Divisional alignment: Arizona finished second in the NL West and sixth in the NL as a whole. If the D-backs had been in the AL West, they would have finished fourth in their division and eighth in the league standings, out of the running.

Playoff structure: The Diamondbacks became the second straight No. 6 seed to win an NL pennant. Before 2022, there was no such thing as a 6-seed in baseball, save for the ad hoc playoffs after the pandemic-shortened 2020 season.

None of this is to decry Arizona's memorable postseason run. Nevertheless, the reality remains that the choices baseball makes in the way it formats itself is intrinsically tied to the way we experience and remember each campaign.

We've been discussing future expansion lately and when it comes to format, one thing we know for sure is that it will change. Expansion is always accompanied by a structural makeover of some kind, whether it's season length (1961, 1962), divisional structure and/or assignments (1969, 1998), or the schedule formula (all expansions, if only to accommodate the new teams).

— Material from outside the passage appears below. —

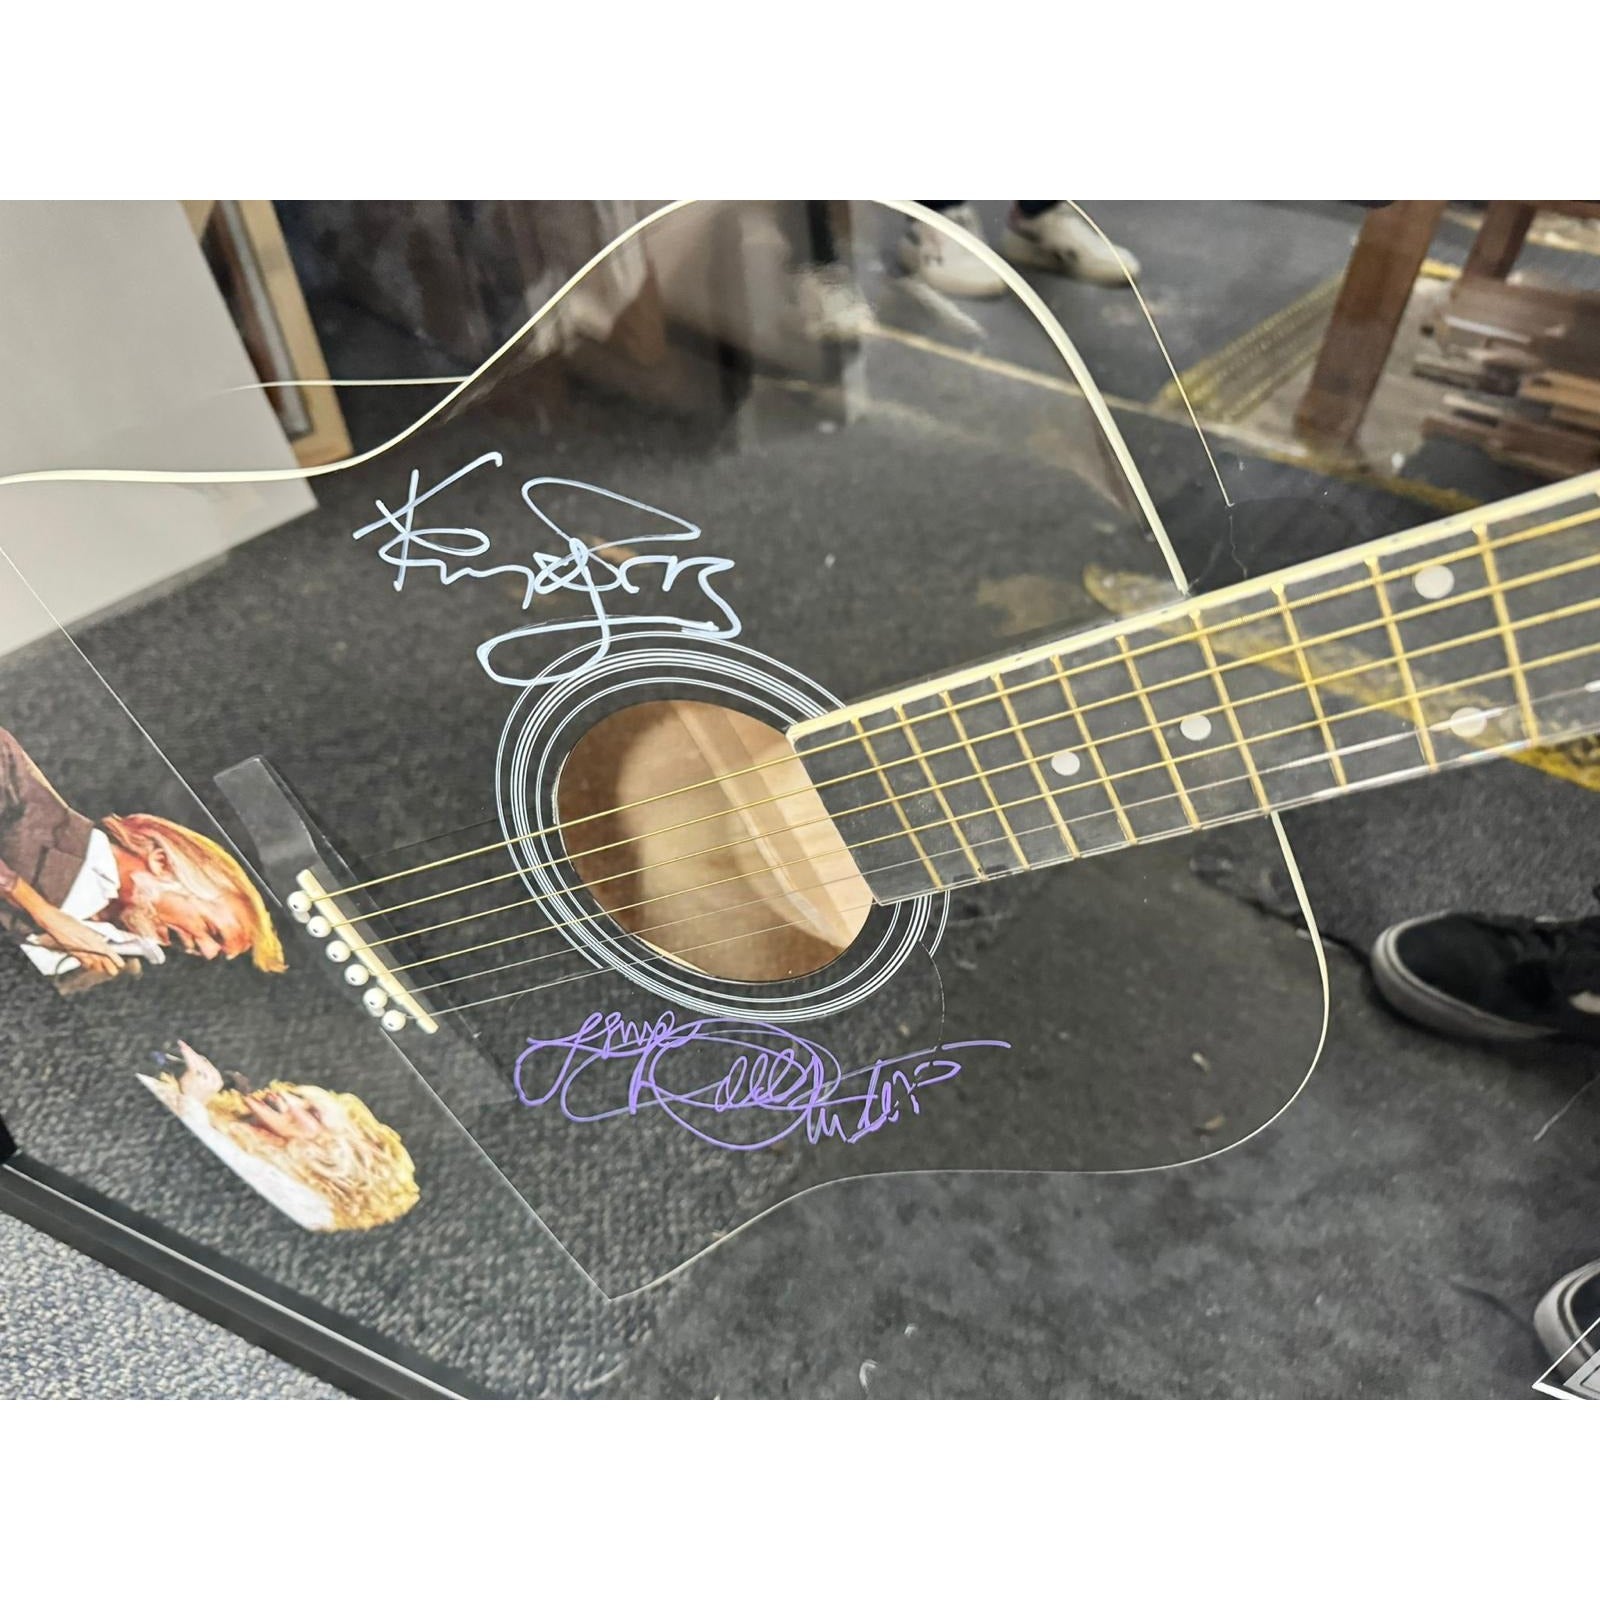 Dolly Parton and Kenny Rogers full size acoustic guitar signed and framed with proof
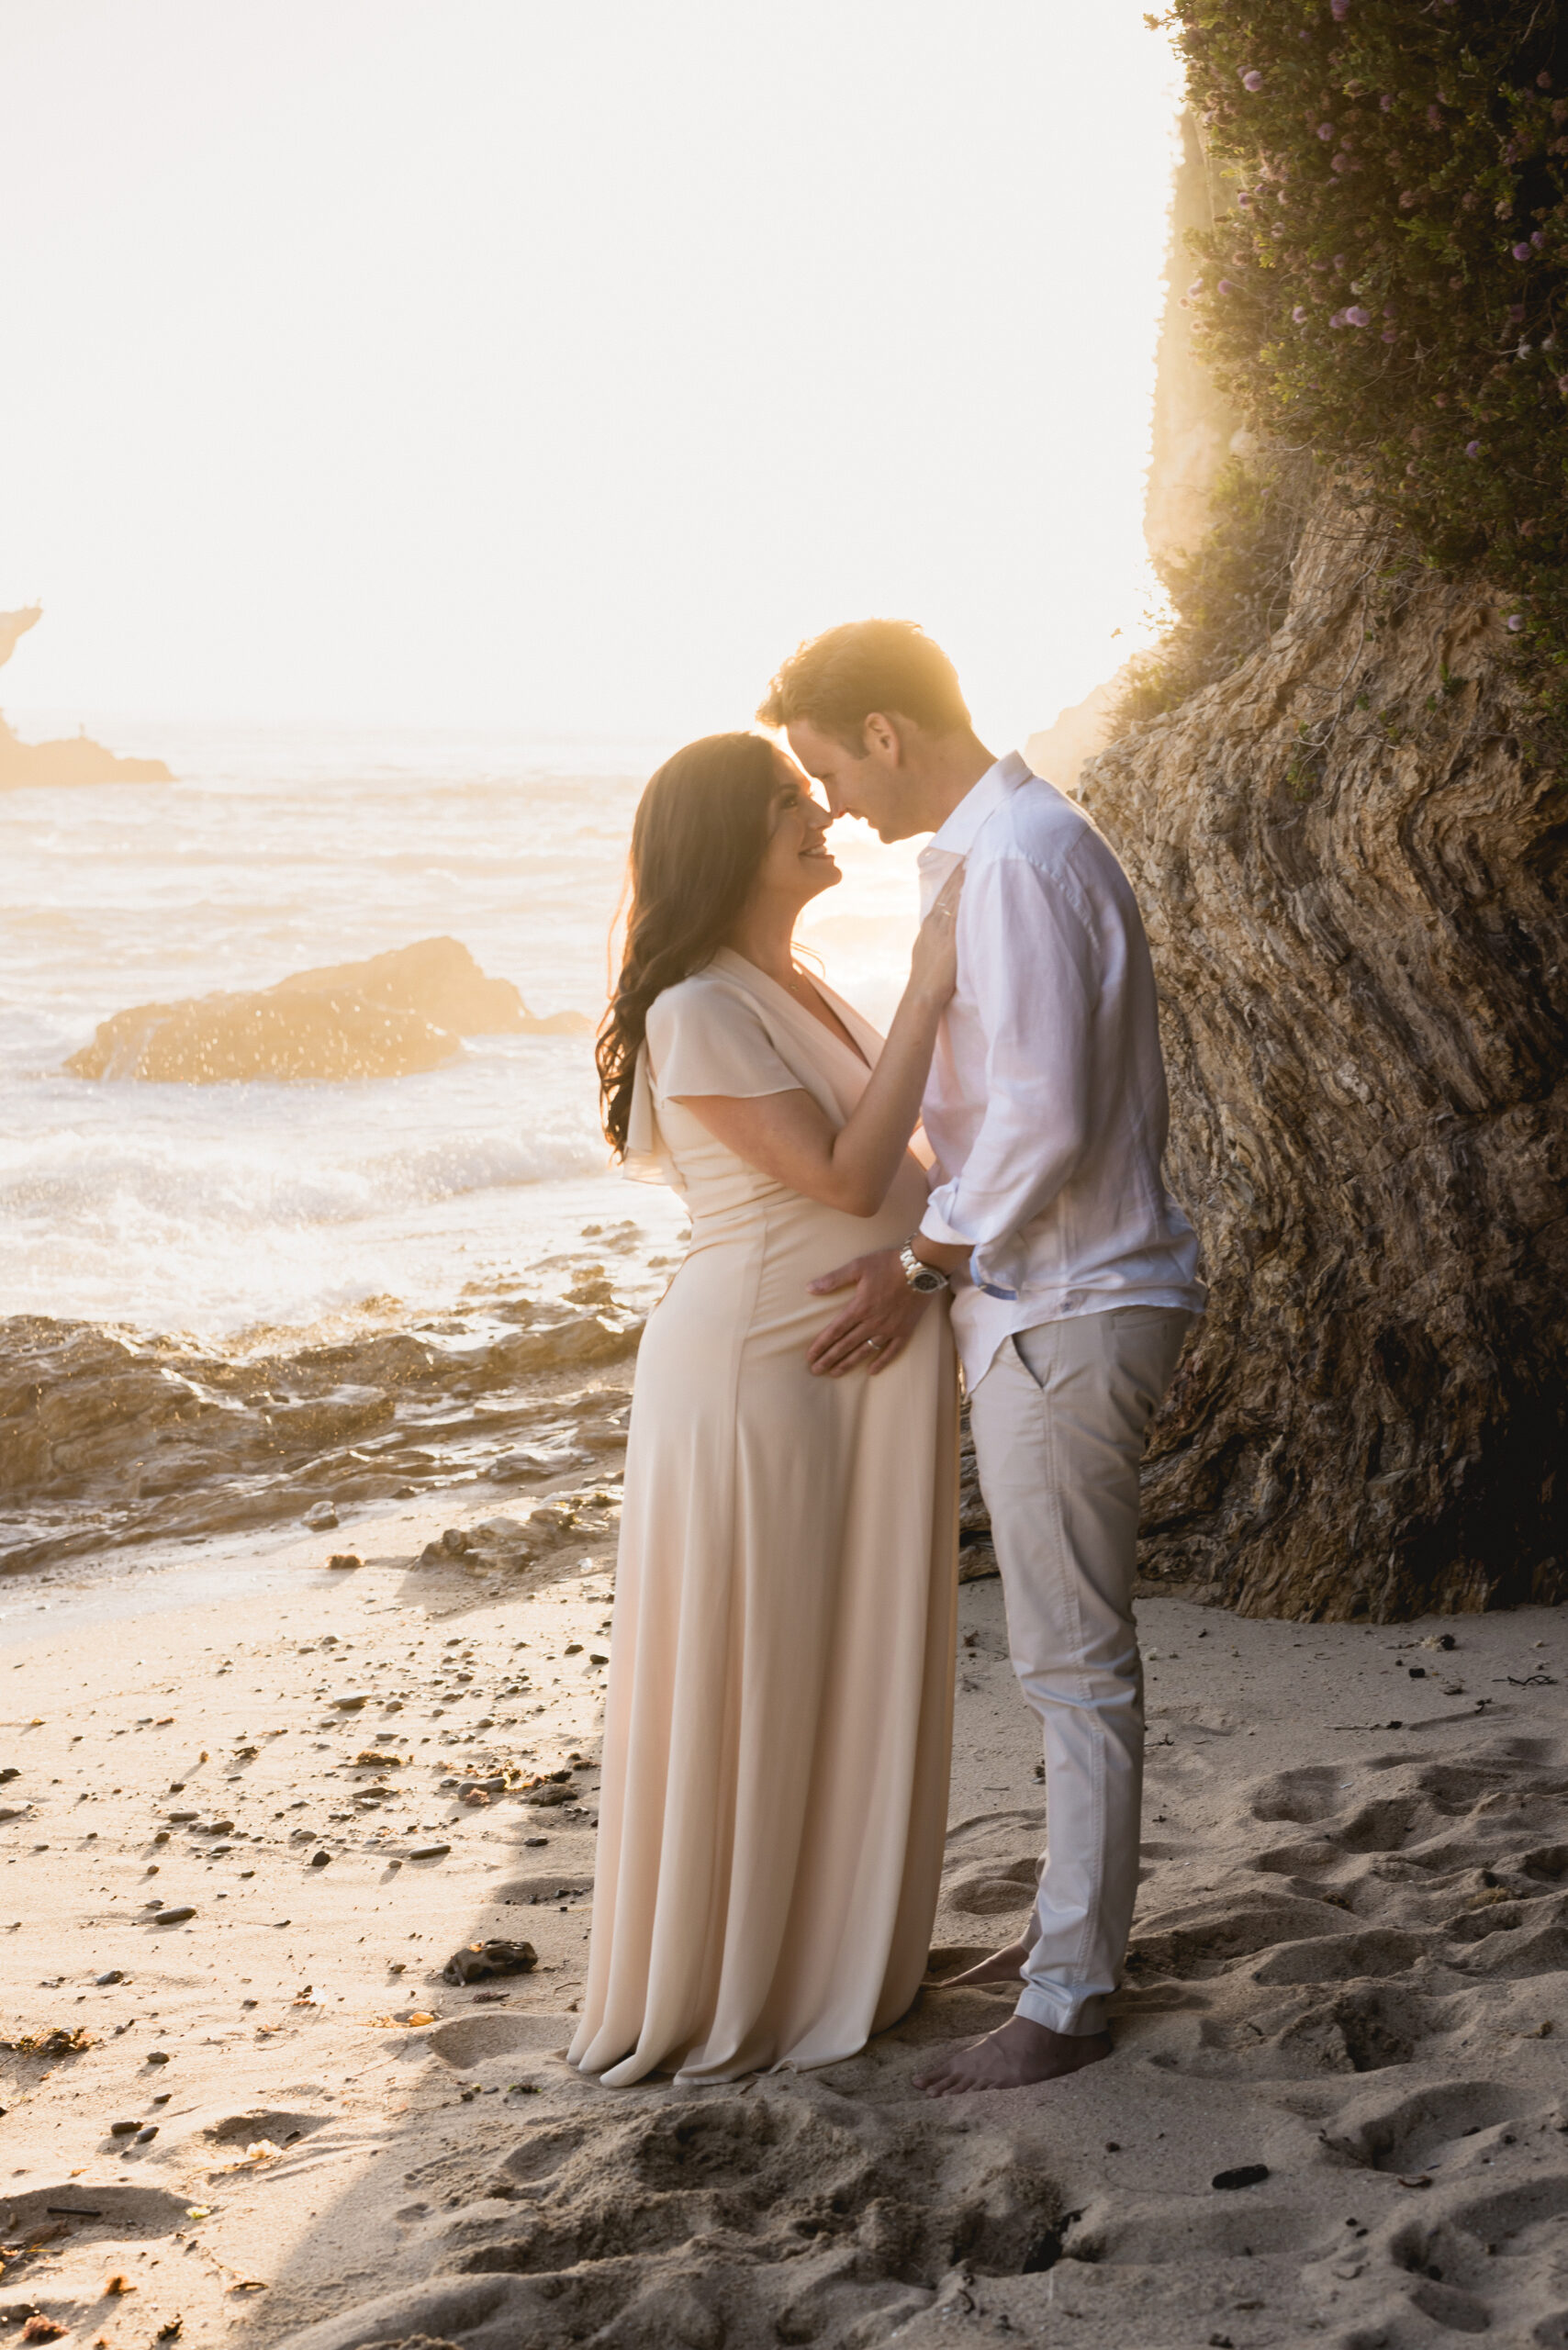 Mom and dad to be on a beach in Corona Del Mar | Image by Halleigh Hill

So when baseball moves to 32 teams, how will the format change to accommodate the growth? How will the key structural elements -- schedule, league/division assignments, playoff format -- inform baseball's future narratives?

We don't have an ironclad timeline for expansion, and while we've tried to narrow the list of candidate cities to a fairly small pool, we don't know which cities will land teams. We also don't know where the 30 existing franchises will be playing by the time expansion occurs.

With so many moving parts, it's impossible to pinpoint what the future looks like for baseball's format. However, after examining the topic and consulting with industry experts, we can point out some of the factors that will come into play, how we might evaluate those factors through the prism of the seasons to come until expansion becomes a reality and look at one possible way it could all come together.